Dan and Traci Bates

Bates

Dan and Traci Bates, Lincoln, KS, are Rural by Choice. (Photo by Bree McReynolds-Baetz)

Dan Bates has worked as the Turf and Commercial Worksite Product salesman at Carrico Implement for seven years, and continues to live in Lincoln, even after the implement dealer made the move to Ellsworth in 2012. His wife Traci is a stay-at-home mom to their three boys: Levi, 10; Clay, 8; and Dane, 5. She recently started a part-time job assisting the director of the Lincoln Housing Authority.

Dan and Traci both grew up in small towns in Kansas, and relocated to Lincoln from Kansas City to get back to the rural lifestyle.

“We both worked full-time jobs, with long commutes that took away from time with our boys,” Traci said. “I wanted to be able to stay home with the boys while they were little. We wanted to raise our family in a community that reflects the same values that are important to us.”

And their own small-town upbringing drove their desire to see their children raised in the same setting.

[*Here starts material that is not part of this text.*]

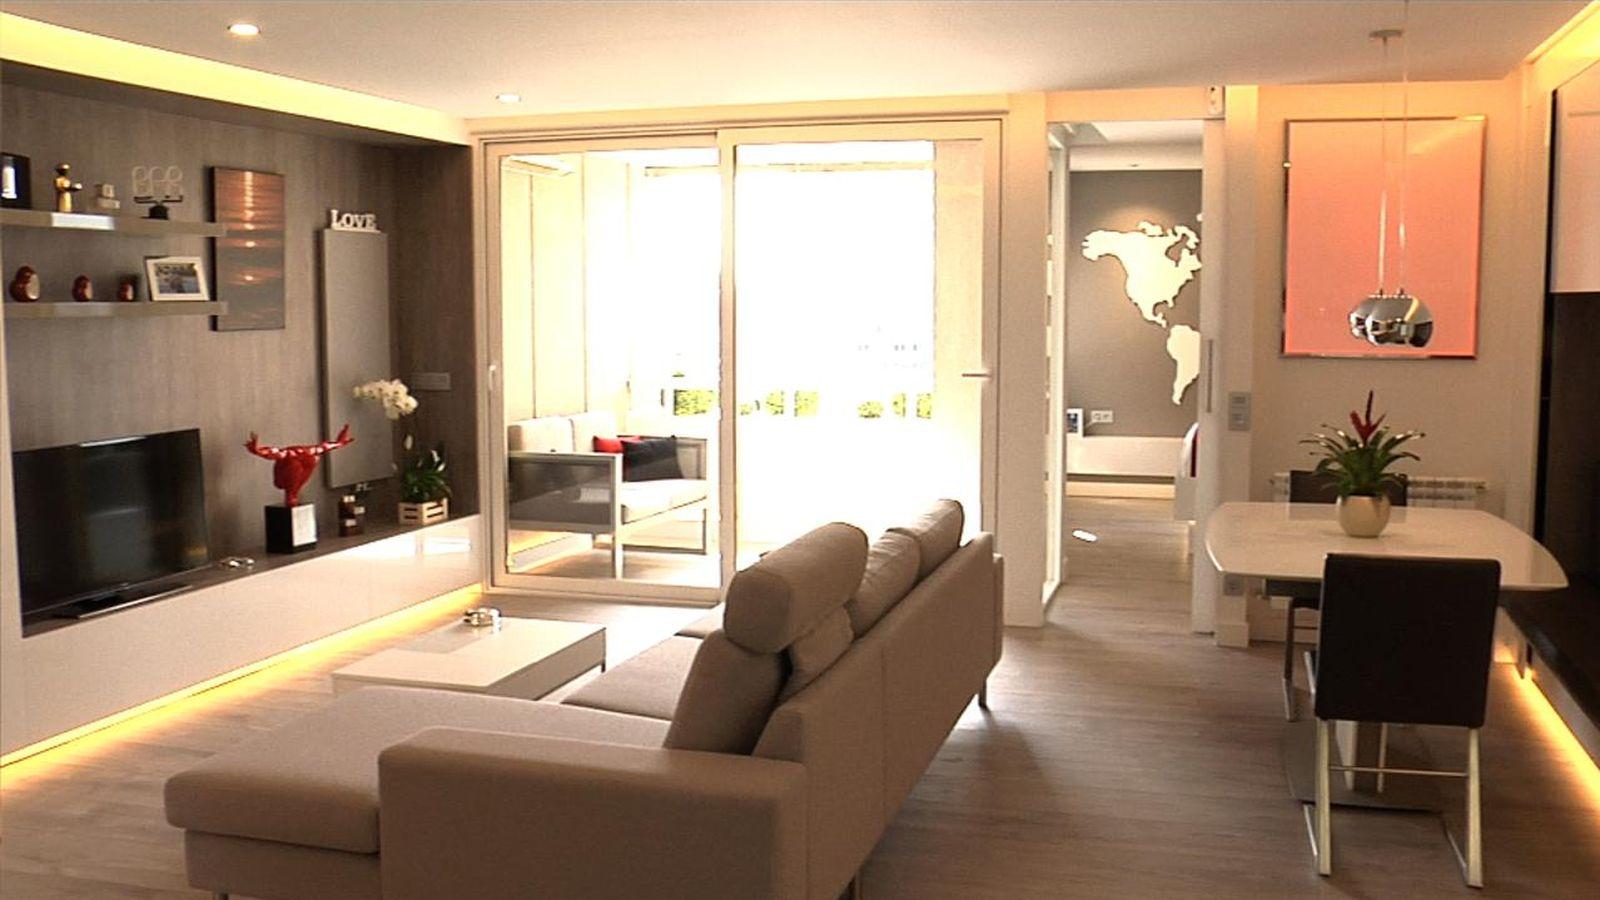 Comprar casa un 10% más barato, invertir 75.000 € en la reforma y no ...

“Both of us grew up in smaller communities, and we wanted our kids to experience that lifestyle. We wanted our boys to make lasting friendships with their classmates and families, and have the opportunity to participate in a variety of activities. And we wanted a slower pace for our family; to have time for floor parties in front of the fireplace in winter, and s’mores around the firepit in summer. Time for fishing and camping and swimming, space for go-carts and bikes and baseball. We chose Lincoln County specifically because it was centrally located, had the amenities we were looking for, and was just the right size.”

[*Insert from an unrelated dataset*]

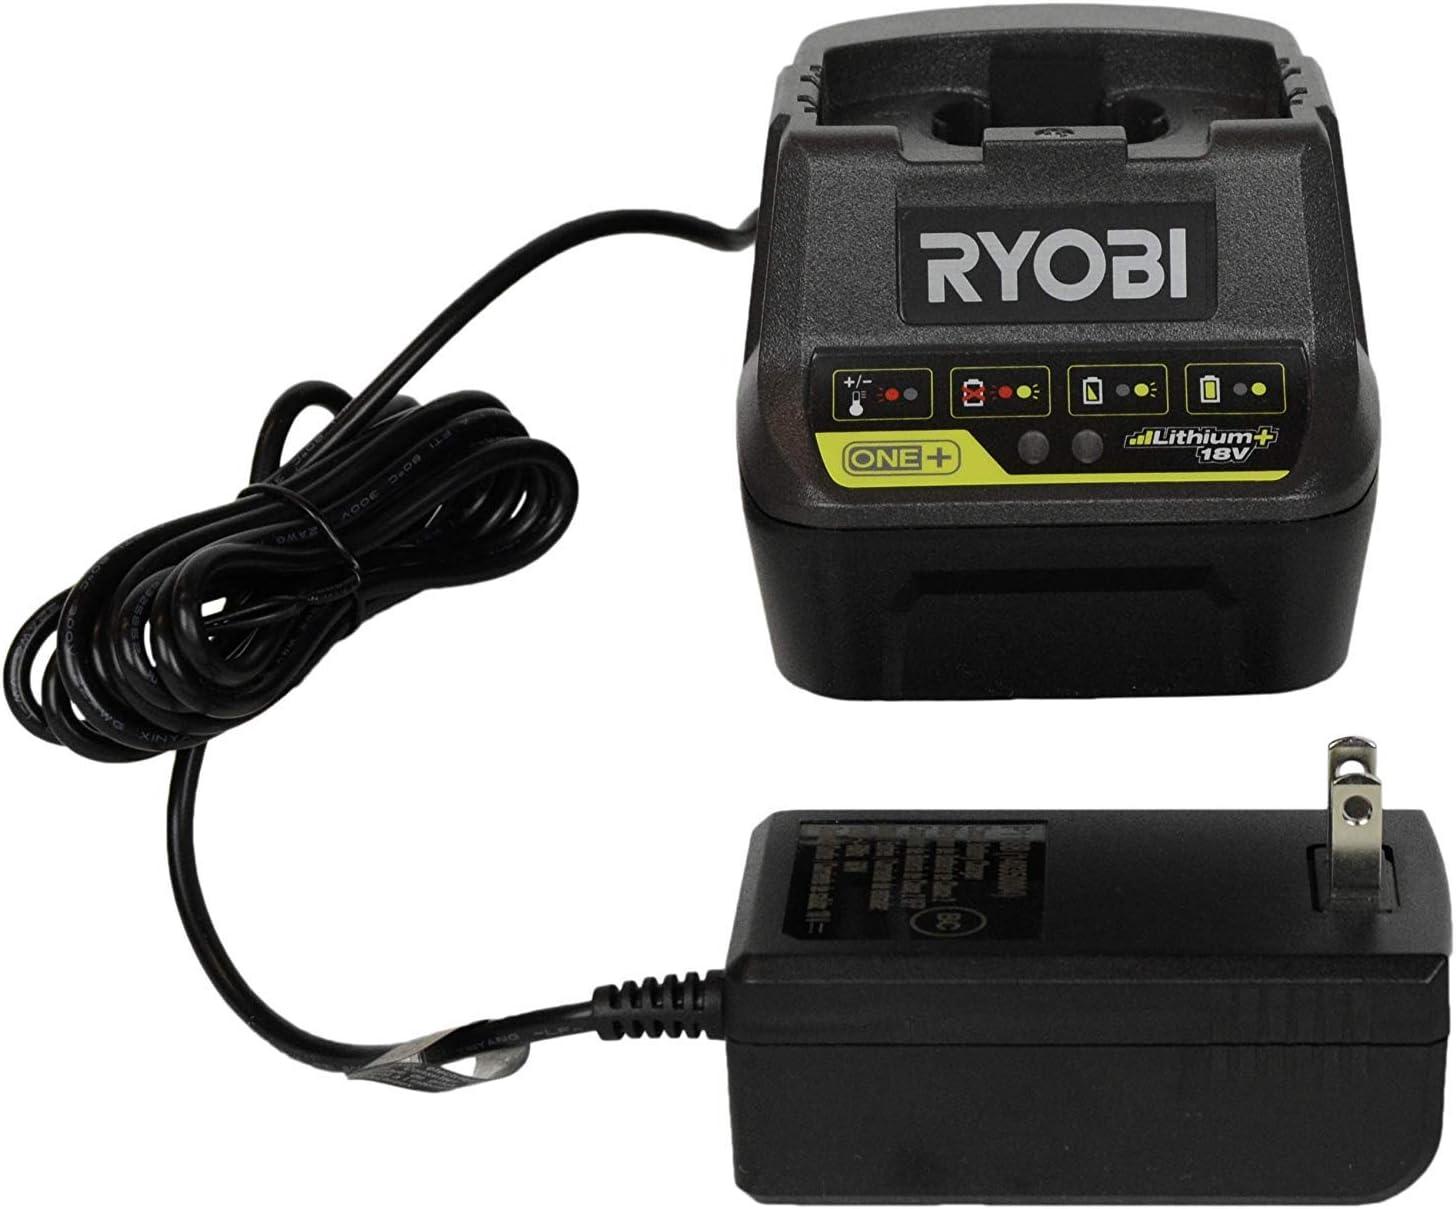 Genuine Ryobi P117 fast charger for all types 18V One For 220V 240V battery

When it comes to Lincoln County, Traci said the people are the best part.

“We love the people!,” Traci declared. “I love that we were made to feel welcome from the very first moment we moved here. A local couple graciously let us rent their house for a month (sight unseen) while we looked for a more permanent place to live, and even met us at Mity Mart to welcome us the night we caravanned into town. A young mom with a boy my son’s age walked up to me at the grocery store the first month we were in town, introduced herself, and invited me to a women’s Bible study.”

Traci calls it sense of community.

“When you know everyone, you tend to be kinder and (hopefully) more willing to work together even when you have a difference of opinion. I love that my oldest can tell me who is driving every car we meet on the road, and what kind of wave they are going to give. I love that my youngest talks to everyone we see, and they all have time to make him feel important. I love that the best part of my middle child’s day is seeing his big brother in the hallway of a school that lets him jump out of line and hug him. I love knowing that, no matter where our children are, our ‘village’ is watching, caring, loving, and even disciplining them as if they were their own. I love that our neighbors will feed our pets and rush to put out fires while we’re gone.”
Traci said they are definitely living Rural by Choice.

“For us, choosing to live in a rural area was a conscious decision. We gave up some conveniences of a large city, but the value added to our family’s life is the reward. The values we want to teach our children, and the memories we want to create as a family are enhanced by where we chose to live. We are where we are supposed to be.”